Thanks for considering!
Links and emphasis are the same.
*b
c*
[b
c](#)
https://spec.commonmark.org/dingus/?text=%20b%20%0Ac%20%0A%0A%20%5Bb%20%0Ac%5D(%23)%20%0A
The thing with them though, is that they are parsed as separate things: *, *, [, ](). Everything goes from left to right.
So it’s the paragraph/heading parent, the content type (text), that deals with the trailing whitespace in the entire thing.
With content in the [ and ] of directives, it’s parsed separately. It’s as if it was its own paragraph or heading. Because it could be! That’s how directives work (also the leaf / container). You currently choose to use the content inside a paragraph (which I get). But it could be say a separate tooltip. It could be nice for folks to be able to pad with whitespace
But there are two things here: a) initial/trailing when looking at the whole, b) initial/trailing when looking at a line ending.
I assume you don’t see a reason for “keeping” the initial/trailing whitespace for :x[y \n z]a.
And that it doesn’t matter for leaf/container, as in, ::x[ Yyy zzz. ].
So if this would be implemented, it should be a) only for text directives, b) not affect whitespace around line endings.
Note: you can use a character reference btw: :x[y ]z
But there are two things here: a) initial/trailing when looking at the whole, b) initial/trailing when looking at a line ending.
I assume you don’t see a reason for “keeping” the initial/trailing whitespace for :x[y \n z]a.
Ah, great point. No, in a document like this, you're right that I would expect the leading/trailing line whitespace to be stripped:
:x[y
z]a
And that it doesn’t matter for leaf/container, as in, ::x[ Yyy zzz. ].
Right. I agree with your argument that stripping whitespace here matches the behavior of other flow-level nodes.
So if this would be implemented, it should be a) only for text directives, b) not affect whitespace around line endings.
Right.

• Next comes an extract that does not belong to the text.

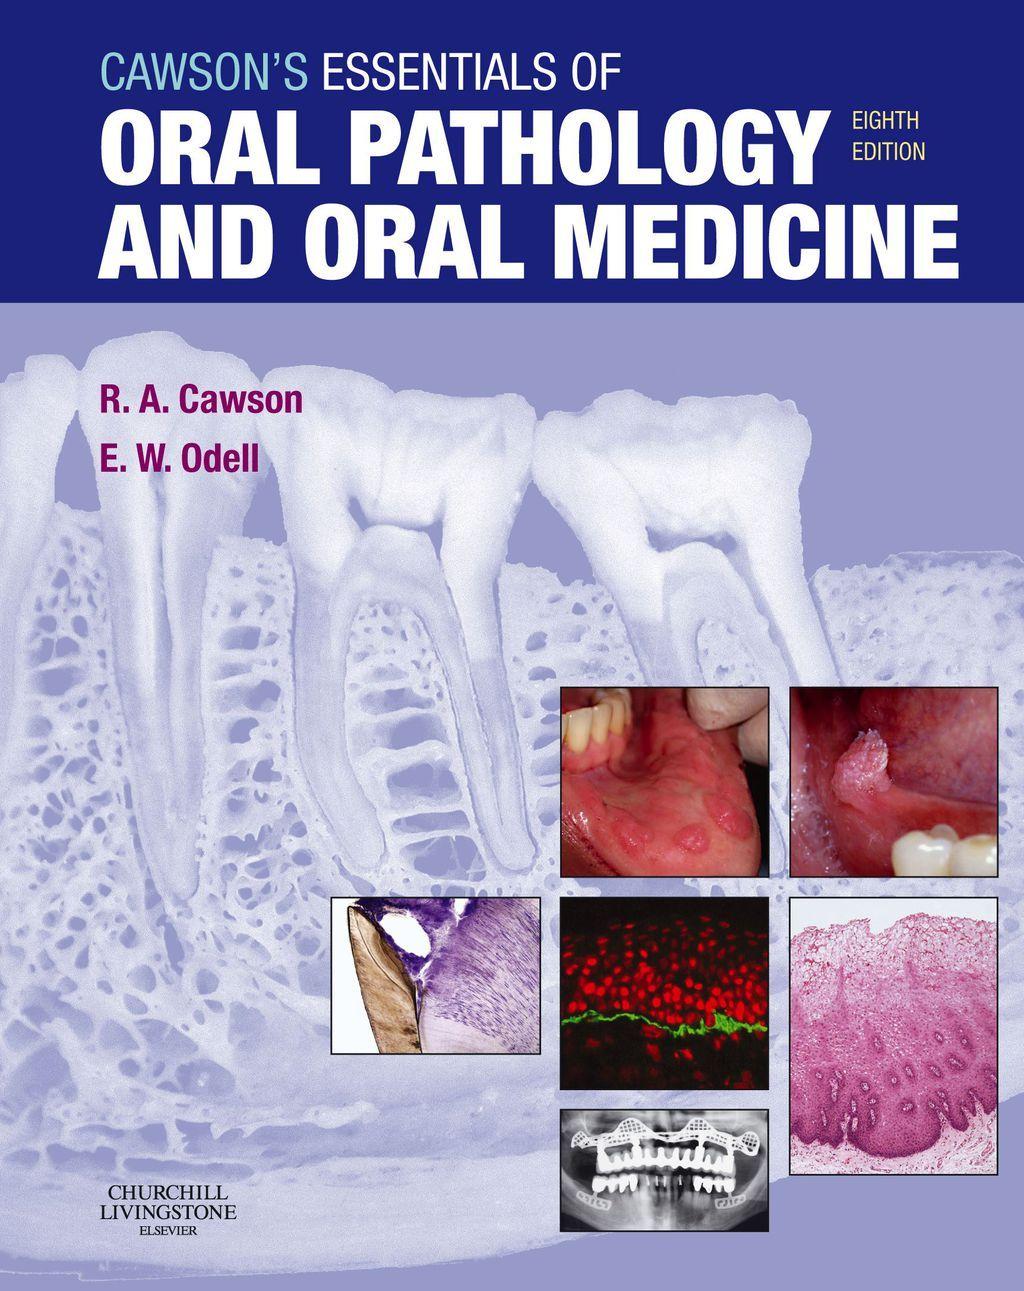 Cawson S Essentials Of Oral Pathology And Oral Medicine Ebook

I guess I'd expect the lineSuffix resolution behavior when the whitespace in question is in fact a line suffix. (And likewise for prefixes)
Note: you can use a character reference btw: :x[y ]z
Thanks!
lineSuffix
Without a final end-of-file end-of-line, it’s still the end of the line (a vs a \n). As this whole thing is parsed separately, it’s the start of the thing and end of the thing, even through there’s no \n. But these are internals, the terms don’t mean much.
I remain unsure whichever is better. Current state or proposed state. I can see arguments for both.
Fair enough! :) Thanks for your consideration.
One more thing I wanted to mention. You mention "Links and emphasis are the same."—and in your example, they are. I'm sure you know this, but I wanted to clarify that I was referring to the behavior of links when their label doesn't involve a line ending; i.e. [a ](#) does parse to a link containing a text node with value a . It's in this sense that I was hoping :redact[a ] would behave. Likewise for `a `. Whereas *a * doesn't parse to an emphasis at all, because of the flanking rules.